Aside from sequentially-assigned blocks, or blocks based on posterior
correlation, it is also common to group parameters with similar uses,
such as putting regression effects parameters into one block, and
autocorrelation parameters into another block. Another popular way to
group parameters into blocks is by time-period for some time-series
models. These alternative blocking strategies are unsupported in the
Blocks
function, and best left to user discretion.
Some MCMC algorithms that accept blocked parameters also require
blocked variance-covariance matrices. The Blocks
function
does not return these matrices, because it may not be necessary,
or when it is, the user may prefer identity matrices, scaled identity
matrices, or matrices with explicitly-defined elements.
If the user is looking for a place to begin with blockwise sampling,
then the recommended, default approach (when blocked parameters by
time-period are not desired in a time-series) is to begin with a
trial run of the adaptive, unblocked HARM algorithm (since covariance
matrices are not required) for the purposes of obtaining a posterior
correlation matrix. Next, create blocks with the Blocks
function based on the posterior correlation matrix obtained from the
trial run.

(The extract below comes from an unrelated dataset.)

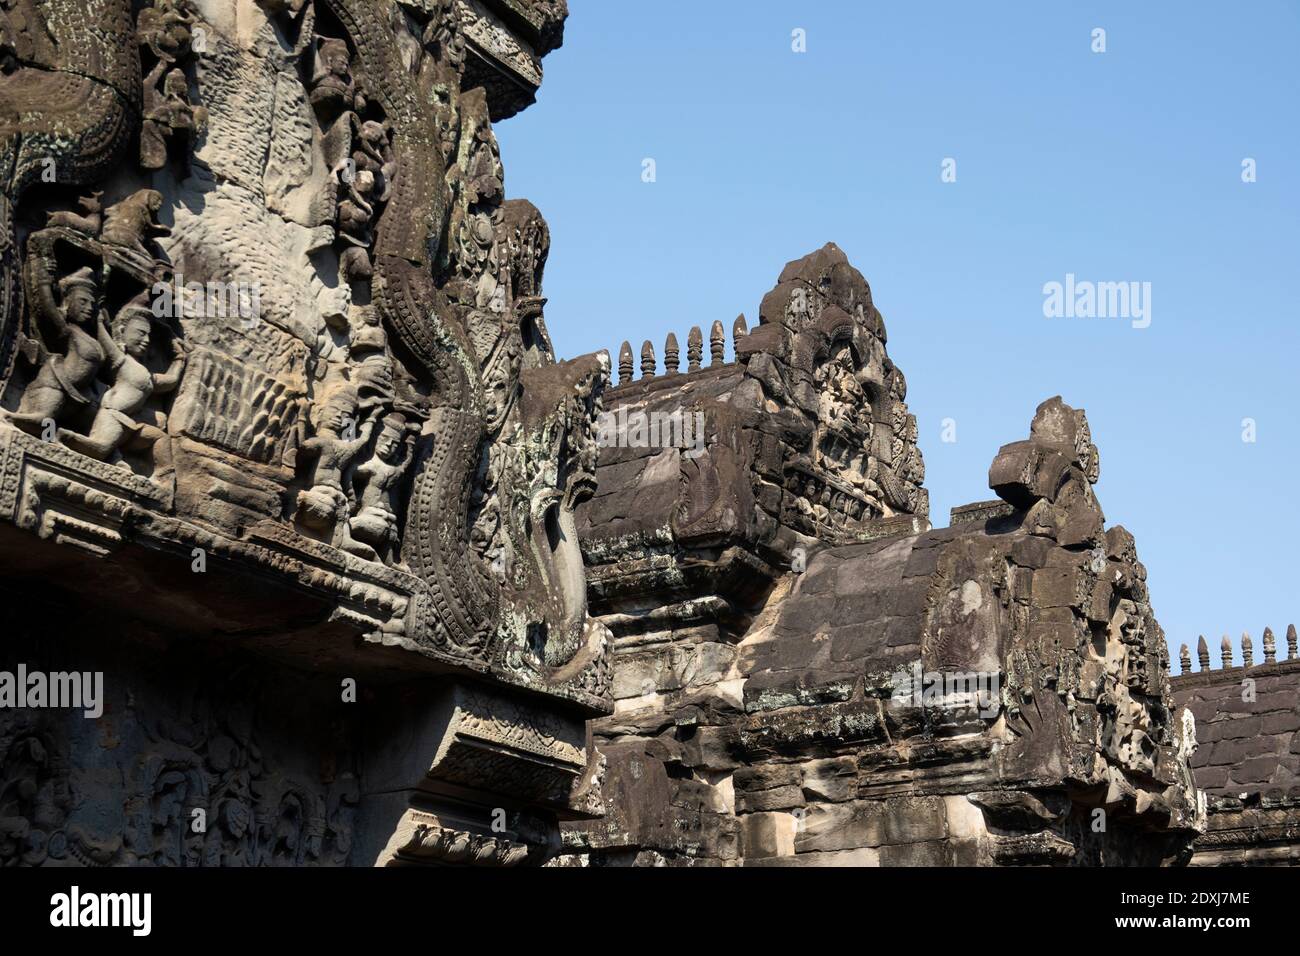 Bajo relieve en las paredes de Angkor Foto de stock

Finally, run the desired, blocked algorithm with the newly
created blocks (and possibly user-specified covariance matrices),
beginning where the trial run ended.
If hierarchical clustering is used, then it is important to note that
hierarchical clustering has no idea that the user intends to perform
blockwise sampling in MCMC. If hierarchical clustering returns
numerous small blocks, then the user may consider combining some or
all of those blocks. For example, if several 1-parameter blocks are
returned, then blockwise sampling will equal componentwise sampling
for those blocks, which will iterate slower. Conversely, if
hierarchical clustering returns one or more big blocks, each with
enough parameters that multivariate sampling will have difficulty
getting an accepted proposal, or an accepted proposal that moves
more than a small amount, then the user may consider subdividing
these big blocks into smaller, more manageable blocks, though with
the understanding that more posterior correlation is unaccounted for.